The data collection was not ongoing; the subjects were screened in a cross sectional way on a single day measure every year. Single day measurements of serum creatinine and urinary markers of kidney damage are likely to overestimate the true prevalence of CKD. The study was conducted at hospital based health camp hence; the study results may not be nationally representative.
The high and increasing prevalence of CKD has several potential public health and clinical implications. We screened apparently healthy individuals who volunteered to participate in the screening camps and found very high percentages of CKD and also its predictors. One of the main issues is to understand its preventable and modifiable risk factors like diabetes, hypertension, smoking, underweight, so as to intervene before such risk populations reaches to irreversible stage of adverse outcome and thus reduce the load of health care delivery system that are involved in its treatment modalities.

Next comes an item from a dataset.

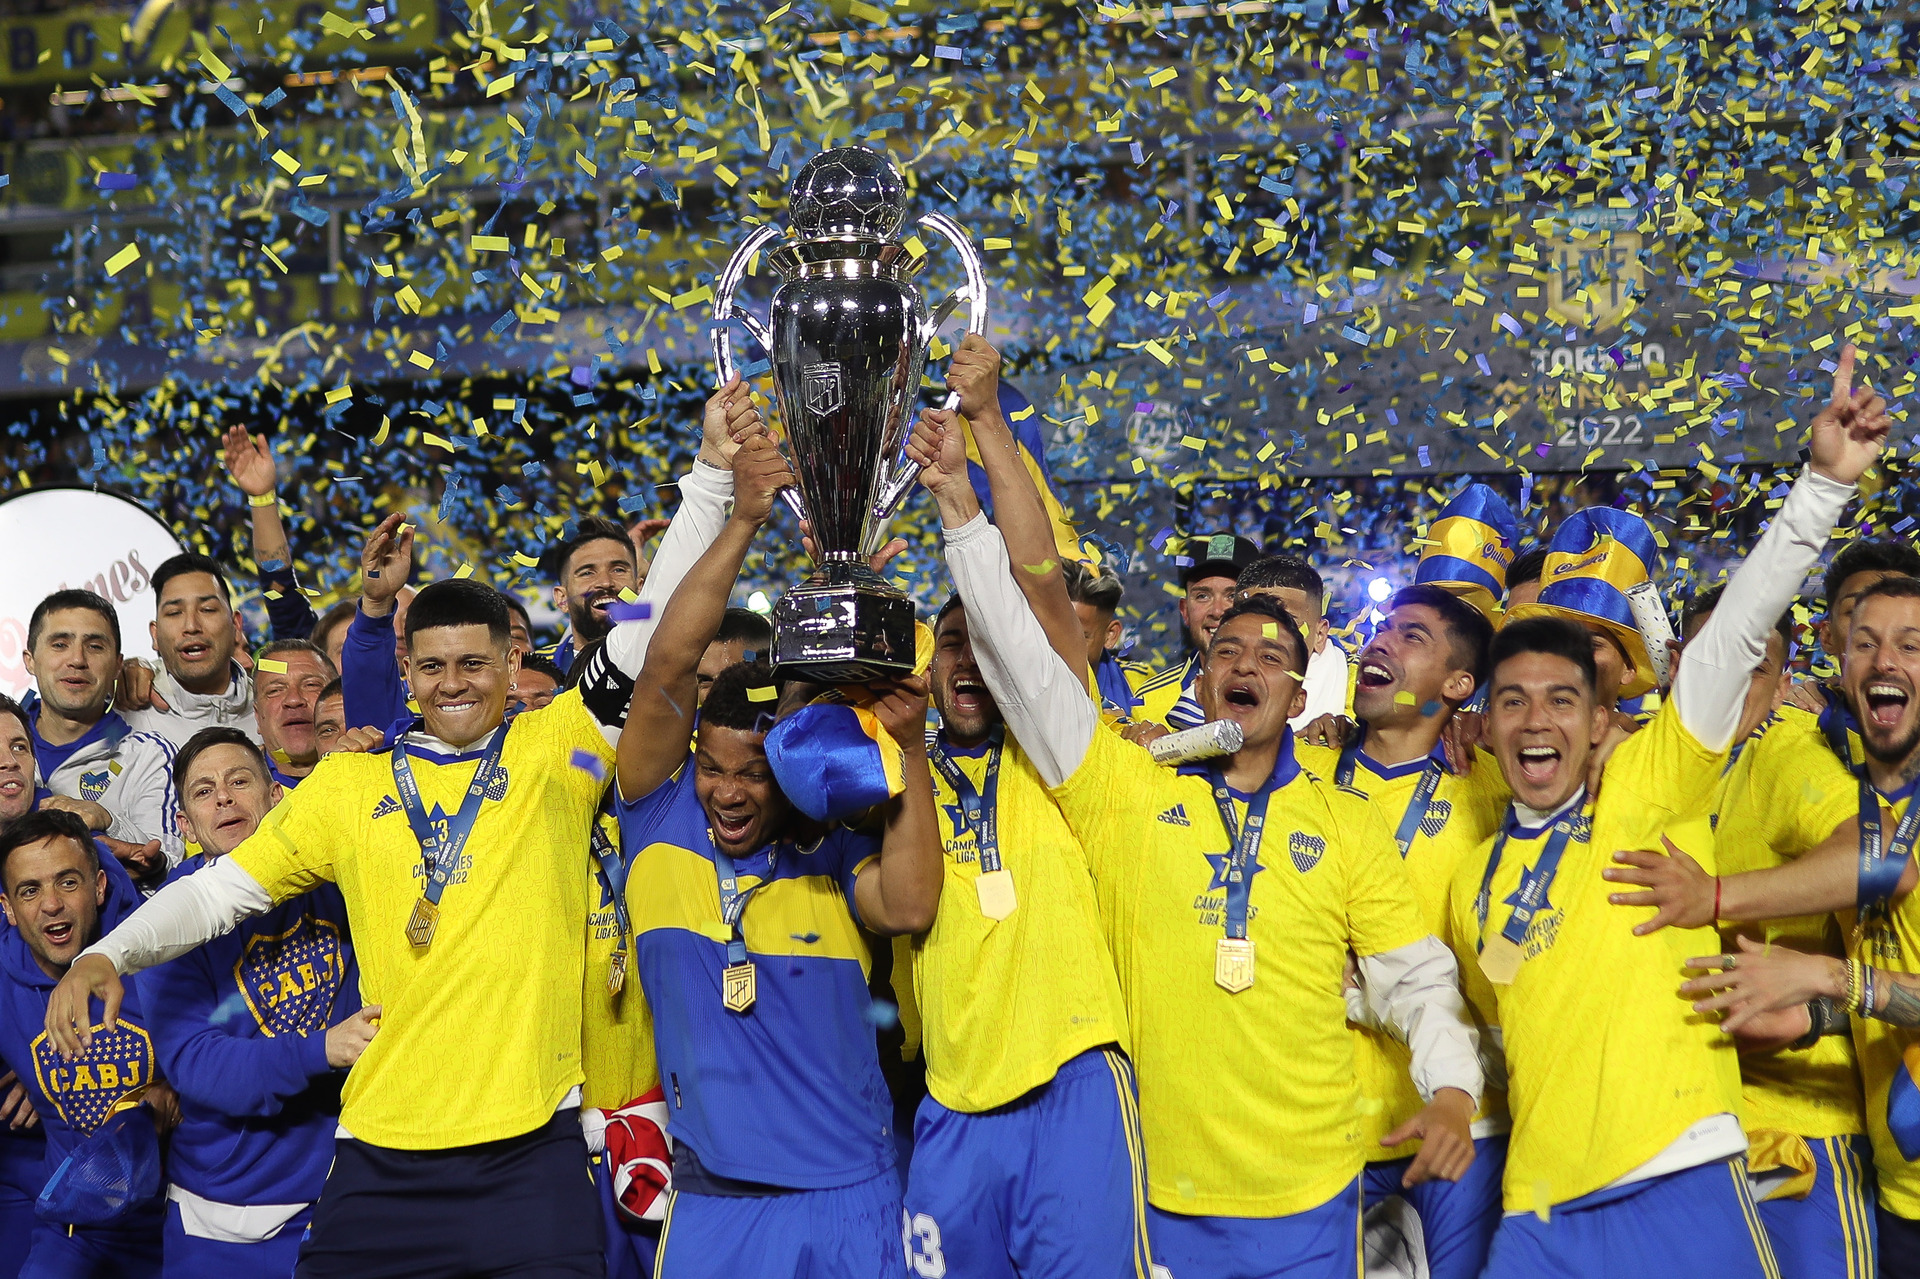 Con Boca campeón, Argentina define cupos a copas Libertadores y Sudamericana. Noticias en tiempo real

We would like to thank medical officers and staff of Opal hospital: Dr. Shashi Kumar Gupta, Dr Hemant Kumar Rai, Dr. Zafar Raja, Dr. Santosh Mishra, Dr. Surendra Nath Gupta, Mrs. Arti Maurya and Mr. Bansi Dhar Pandey who have helped with evaluation of subjects in the screening camp.
Ethics approval and consent to participate:
The subjects who consented to participate in the study were considered.
Opal Hospital Ethics Committee approval was taken before starting the present study.
Informed consent was obtained from all the subjects.